Если таков был мой прогноз революции, то мог ли я желать ее и желал ли, а когда она пришла, то мог ли я ей радоваться? Да, несмотря на прогноз и на все прочее. С самого начала моей политически сознательной жизни, т. е. с начала 80‐х, если даже не с конца 70‐х годов, революцию я желал, о ней мечтал, к ней стремился. За сорок лет с этого времени до действительного ее прихода и мои чаяния от революции, и мои прогнозы, и оценки совершающихся событий – все это, конечно, сильно менялось. Я сказал, что определенно пессимистическое отношение к человеческому прогрессу вообще и, в частности, к ближайшей революции у меня выработалось около 1898–1903 гг.; до того у меня сохранялось довольно обычное для того времени юношеское представление о революции как о чем-то бесконечно светлом, лучезарном, поднимающем дух и силы, дающем толчок и простор личной и общественной самодеятельности. Революция казалась бурей со всей ее романтической поэзией и прелестью, и «Буревестник» Горького313 с его странным поэтическим образом птицы, «черной молнии подобной», вполне соответствовал настроению, вызываемому мыслью о революции. Как могло держаться такое убеждение? Правда, тогда я был молод, но не юнец же, читал много по истории Французской революции, в частности Тэна314, и мог бы относиться к делу более критически. И не я один был очарован идеей революции; по существу все историки революции, за исключением Тэна (но ему я, как и все мое поколение, совершенно не верил, а Ленотра и Мадлэна тогда еще не было315), хотя и говорили о терроре, о деспотизме и Робеспьера, и термидорианцев, об экономическом упадке в период террора, все-таки окружали революцию ореолом величия и блеска. Возьмите хотя бы главы Кареева в его новой истории316; отрицательные факты все налицо, попытки утаить их нет, но написаны они так, что настроение эти главы вызывают у читателя все-таки восторженное, несмотря даже на бледность и мертвенность кареевского языка.

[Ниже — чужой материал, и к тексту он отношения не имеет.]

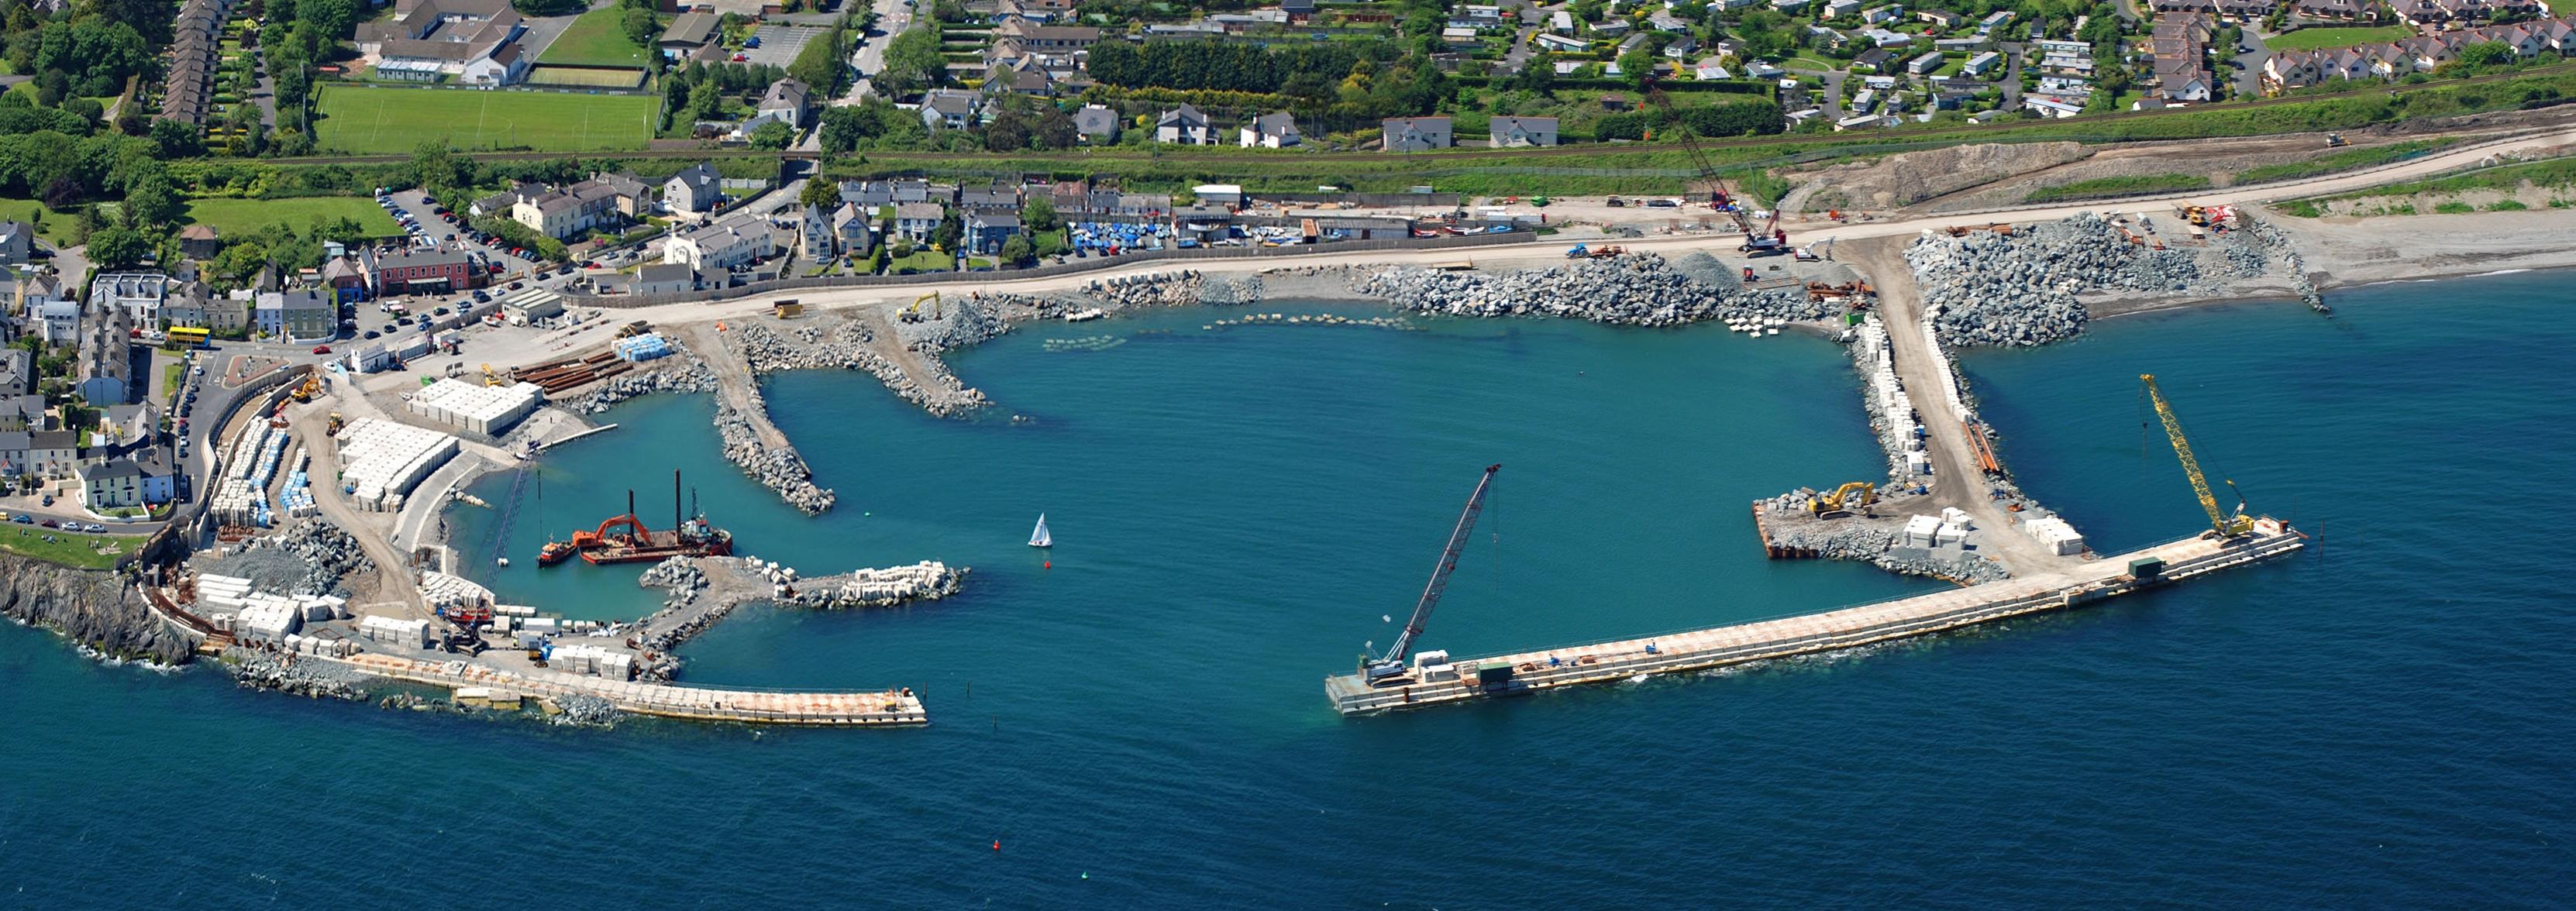 Harbour Project | Councillor Derek Mitchell

Тем более у историков крупного научного и литературного таланта, как Минье, Л. Блан, особенно Олар317.
Но, как я уже сказал, на рубеже XIX и ХХ вв. мое отношение к делу сильно изменилось. Изменилось, собственно, отношение не столько к моменту революции, сколько к явлению более общему и длительному – к прогрессу человечества, но вместе с тем отрицательные черты и в революциях стали вырисовываться для меня отчетливее, не закрывая и не уничтожая черт положительных; я начинал понимать (может быть, правильнее будет сказать: предчувствовать), что для поколения, живущего в эпоху революций, она должна представляться далеко не со своей положительной стороны. И вполне уразумел это я во время первой нашей революции 1905 г., хотя как раз в ней отрицательные черты сказывались слабо. И все-таки я ее продолжал желать. Слишком душно было перед революцией, слишком нелепо вело себя правительство, слишком ясно чувствовалось, что правительство медленно, но верно тянет нас не то в пропасть, не то в трясину. Естественно было желать, чтобы буря освежила воздух, хотя бы и ценою не только многих поломок, но – что гораздо хуже – ценою поднятия из глубины жизни новых миазмов.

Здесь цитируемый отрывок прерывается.